Gilberts Elementary School Is an elementary school for grades K-5. The school used to have a pre-k or preschool
program.
Hampshire Middle School and Dundee Middle School are the Middle schools that feed into Hampshire High School. Cambridge Lakes Charter School is also an option for residents in district.

==Parks and recreation==
Town Center Park

This is the new, large park that is now open. A parking lot is being installed which will accommodate over 80 vehicles.

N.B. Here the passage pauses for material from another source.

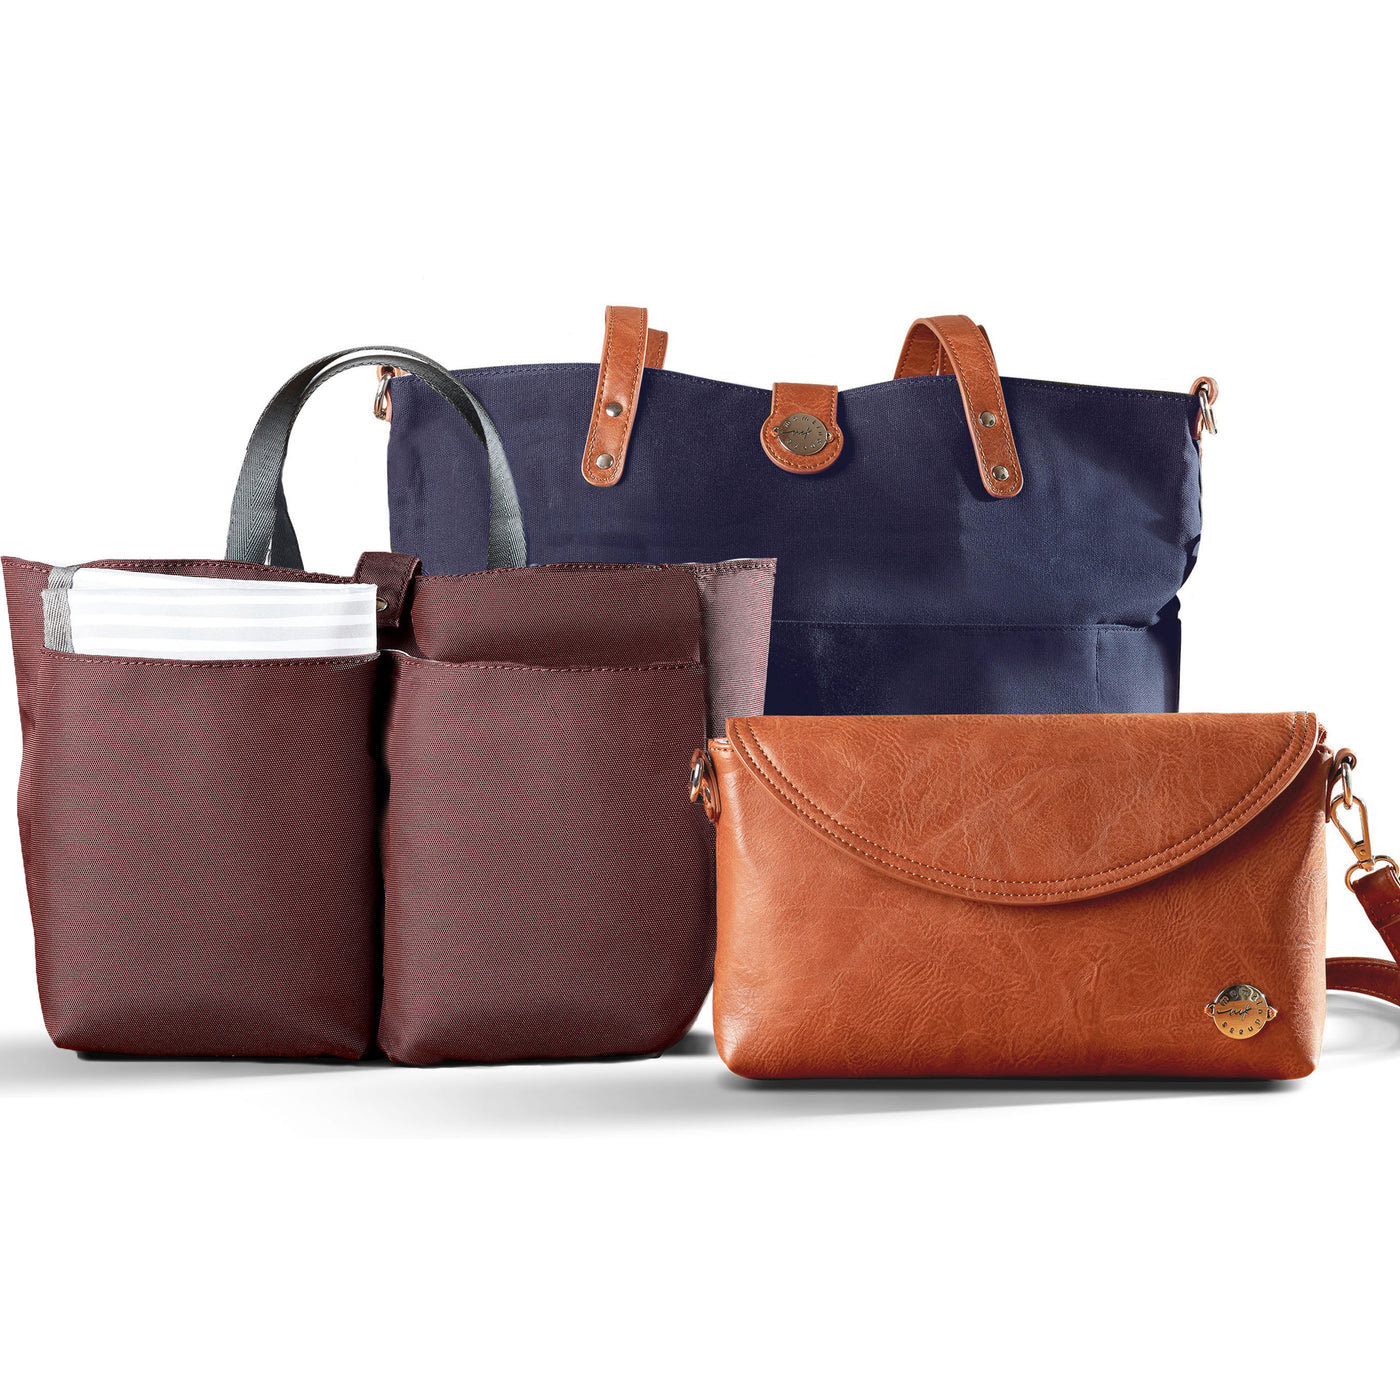 Navy CarryAll Tote Trio shown with three included components; navy waxed canvas tote with brown vegan leather accents, brown vegan leather diaper clutch and burgundy multi-pocket organizer insert with carry handles.
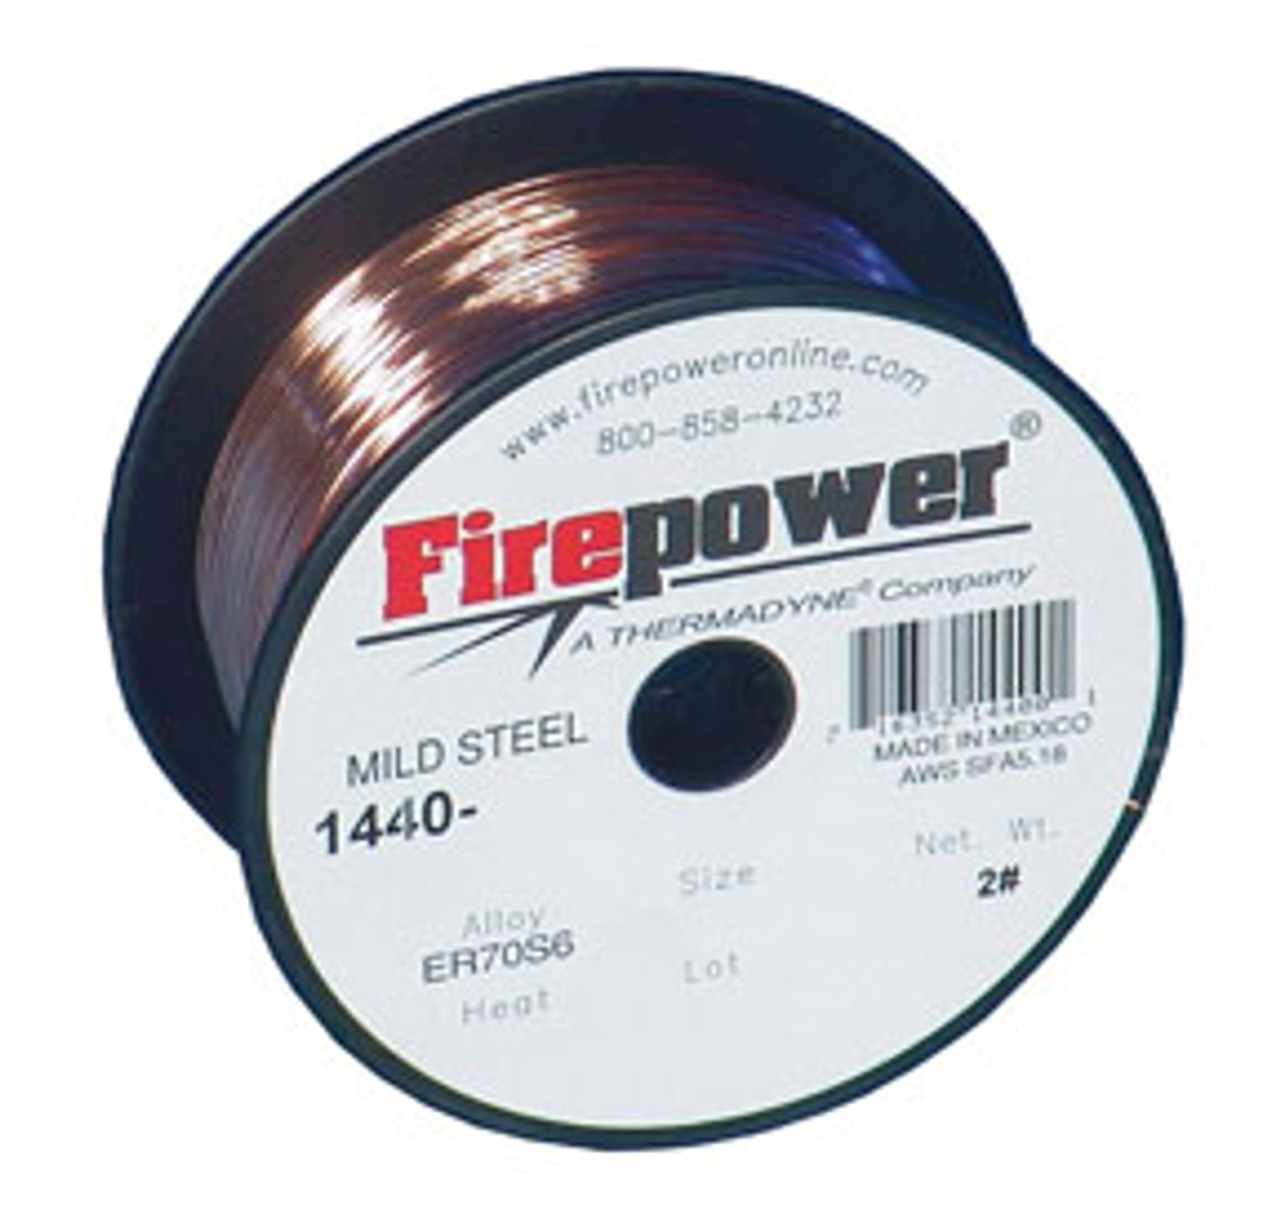 FIREPOWER ER70S-6 MIG Wire Solid, .35", 2lb VCT-1440-0220

The park is a 20 acre space and will be home to many sports teams such as the YMCA's baseball and soccer teams.

Town Square Park

This centrally located park is near Lake Gilberts and features a new gazebo.

Memorial Park

Memorial Park offers the following amenities: baseball diamond, soccer field, playground, fishing pond, picnic pavilion, and a basketball court. It used to have a small skate park.

Waitcus Park

Waitcus Park features a baseball diamond, basketball court (1/2 court), playground, fishing pond and a picnic pavilion.

Sports

Gilberts is the home to the GPH Grizzlies Football Team that plays in the TCYFL. It has two Super Bowl runner-ups and two championships. The team was founded in 2008 and has 3 separate sides, Bantams, Feather, and Middleweights.